Het effect van de boodschap is het grootst op mensen „die al denken dat ze misschien wel zo'n fitnessapparaat nodig hebben. Zij gaan er na een commercial over nadenken. Dat kan een positief effect hebben voor het product. Het zou kunnen betekenen dat ze er een aanschaffen.”

Maar ook de mensen die er niks van willen weten, ondergaan enige invloed van de boodschap. „Er zijn bij hen wel gevoelsmatige reacties waar te nemen. Via een omweg blijkt dat het toch effect heeft op het oordeel over het product bij deze mensen. Het is evenwel minder waarschijnlijk dat ze het zullen kopen. Als er al een koopeffect bij deze mensen optreedt, dan duurt het langer voordat het ontstaat.”
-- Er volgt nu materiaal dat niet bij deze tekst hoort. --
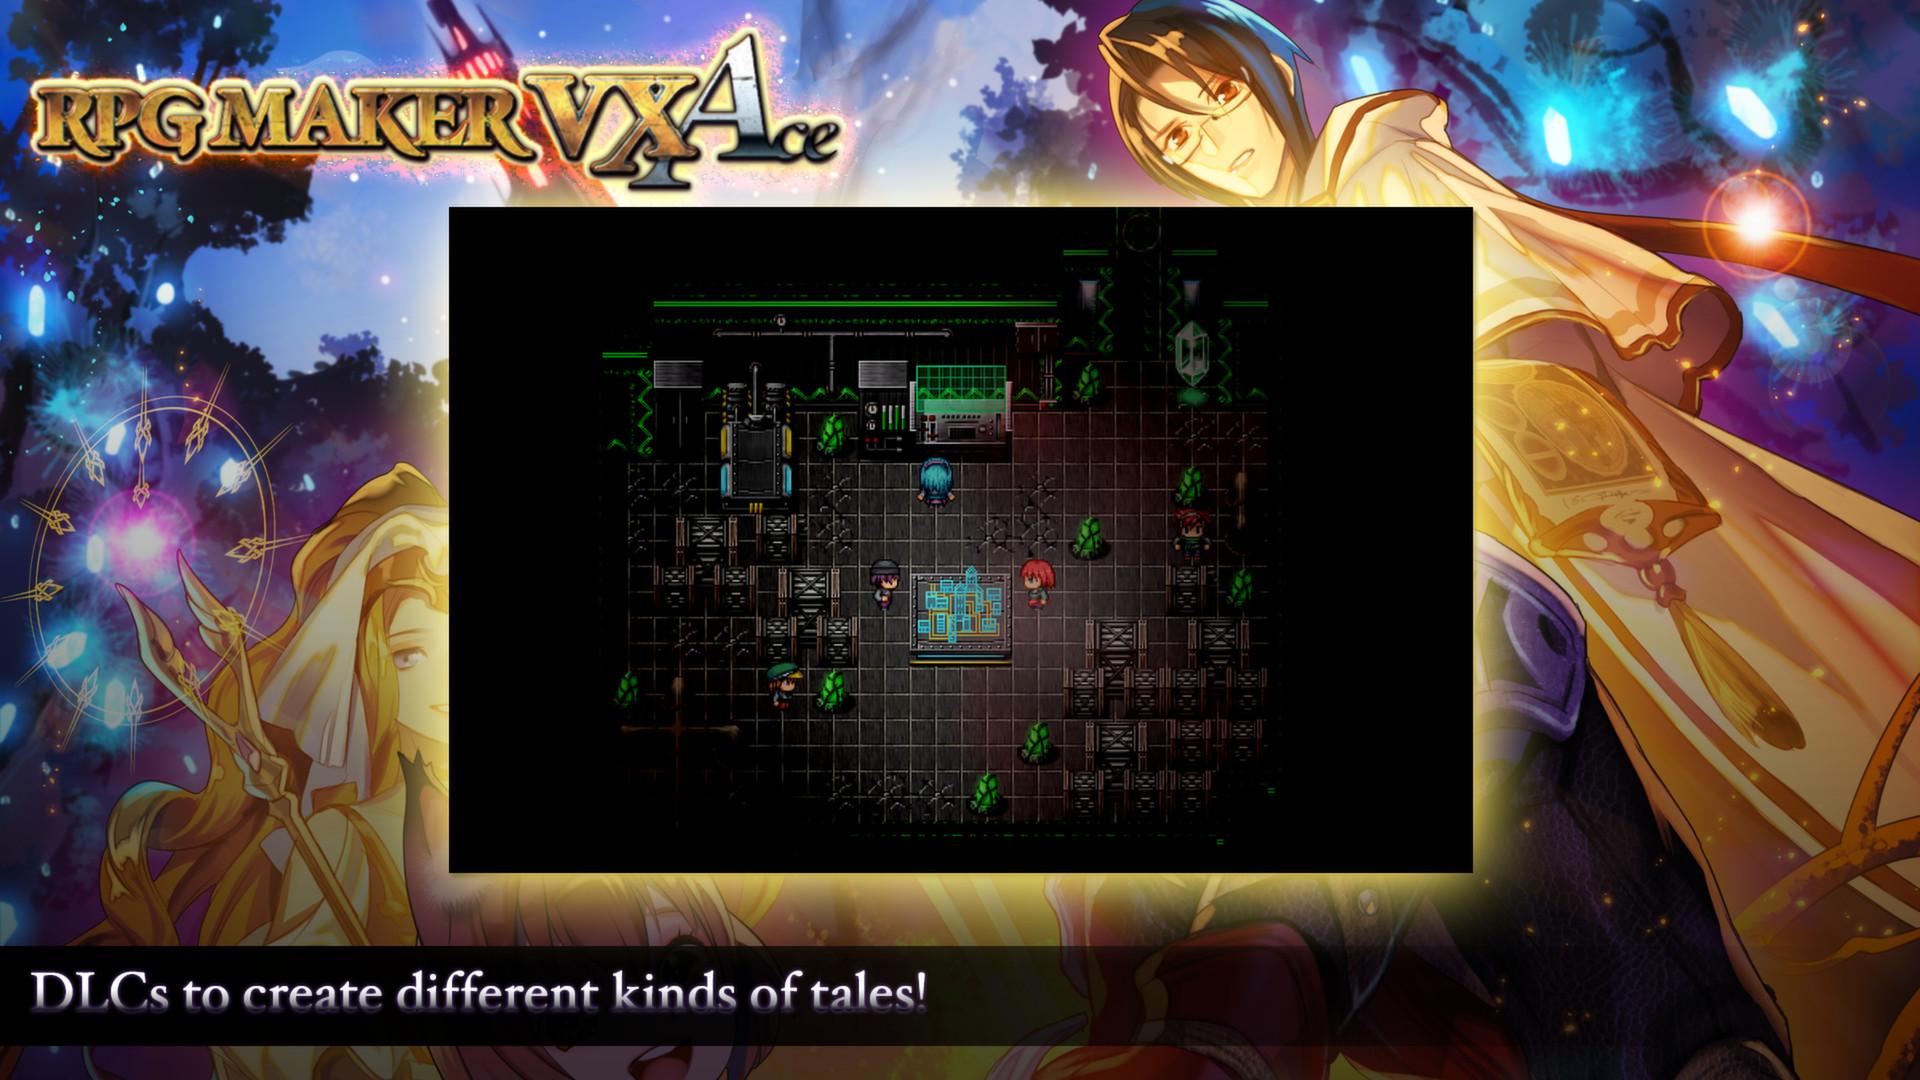 KHAiHOM.com - RPG Maker VX Ace
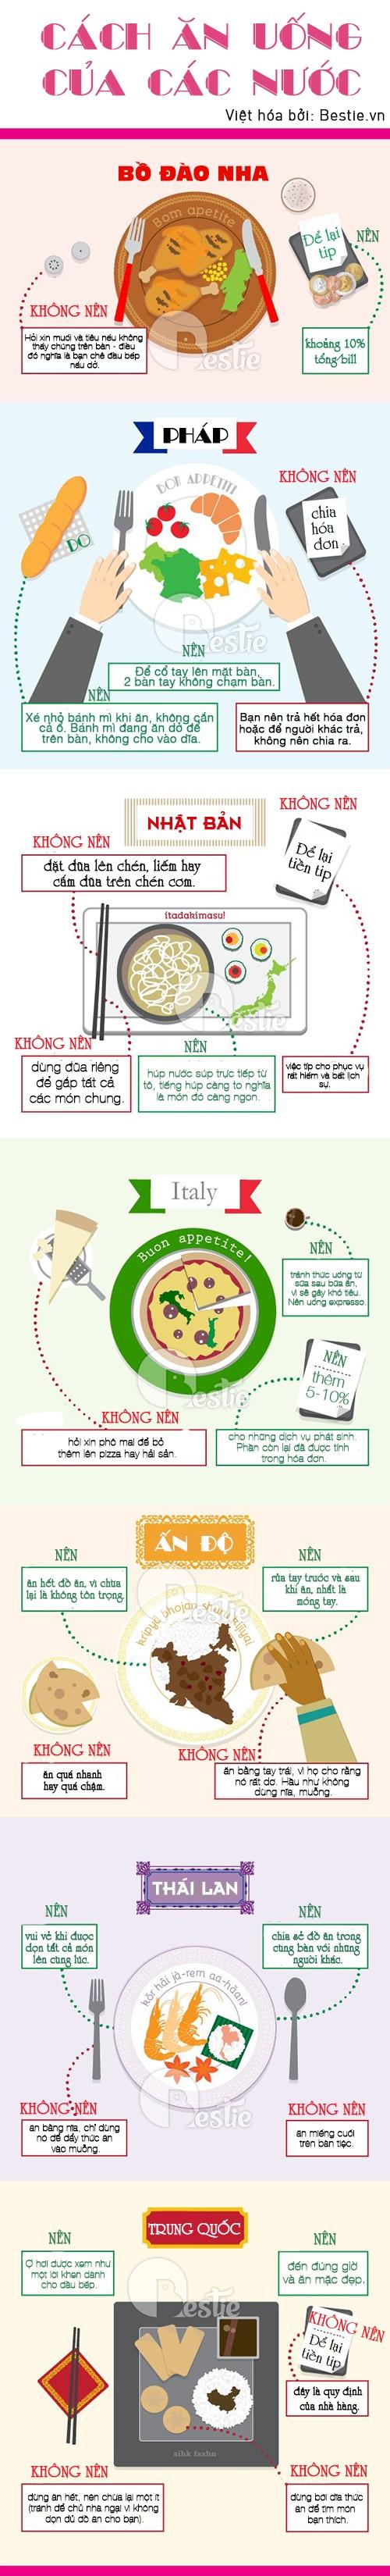 cách ăn uống của các nước trên thế giới

De omgeving waarin het reclameverhaaltje is opgenomen speelt een grote rol bij de oordeelsvorming, maar alleen als product en setting bij elkaar passen. „Mensen hebben een beter gevoel bij zonovergoten verlaten stranden als daar cocktails en candybars genuttigd worden dan wanneer daar een tractor aan de man gebracht wordt. Vandaar dat de Bounty-reclame heel positieve gevoelens oproept.”

Kijkers blijken verrassingen ook te waarderen. „Een kwinkslag of het op een bepaalde manier op het verkeerde been zetten heeft een gunstig effect op de kijkers. Zij moeten wel in het begin van het filmpje zitten. Een leuke ontknoping op het eind doet de consument niets. Dat is verspilde moeite.”

Agressie
Leuke kwinkslagen en mooie stranden helpen de producenten van waspoeders of luiers weinig. „De reclameboodschappen voor deze producten roepen agressie, frustratie en wrevel op bij de kijkers. Wel gaat het om milde vormen van deze gevoelens. Het is niet zo dat de consument de gordijnen ingaat bij het zien van deze commercials. Over het algemeen kun je zeggen dat reclame voor producten die met persoonlijke hygiëne te maken hebben, wrevel oproepen. Wij willen blijkbaar niet al te nadrukkelijk op het noodzakelijke gebruik van deze producten gewezen worden.”

Weinig waardering was er bij Fennis' kijkers voor spotjes die in het buitenland zijn gemaakt. „In uit Duitsland afkomstige commercials voor zeep wordt de vrouw nogal vaak als een huisvrouw neergezet. Daarbij wordt ingespeeld op familiewaarden die bij de oosterburen sterker leven dan in Nederland. Zo'n spotje leent zich er dus niet goed voor om in Nederland reclame te maken voor een product. Gebruikt de producent het toch, dan heeft hij alleen zichzelf. Alle publiciteit is nog geen goede publiciteit. Alleen als publiciteit positief is, werkt zij goed.”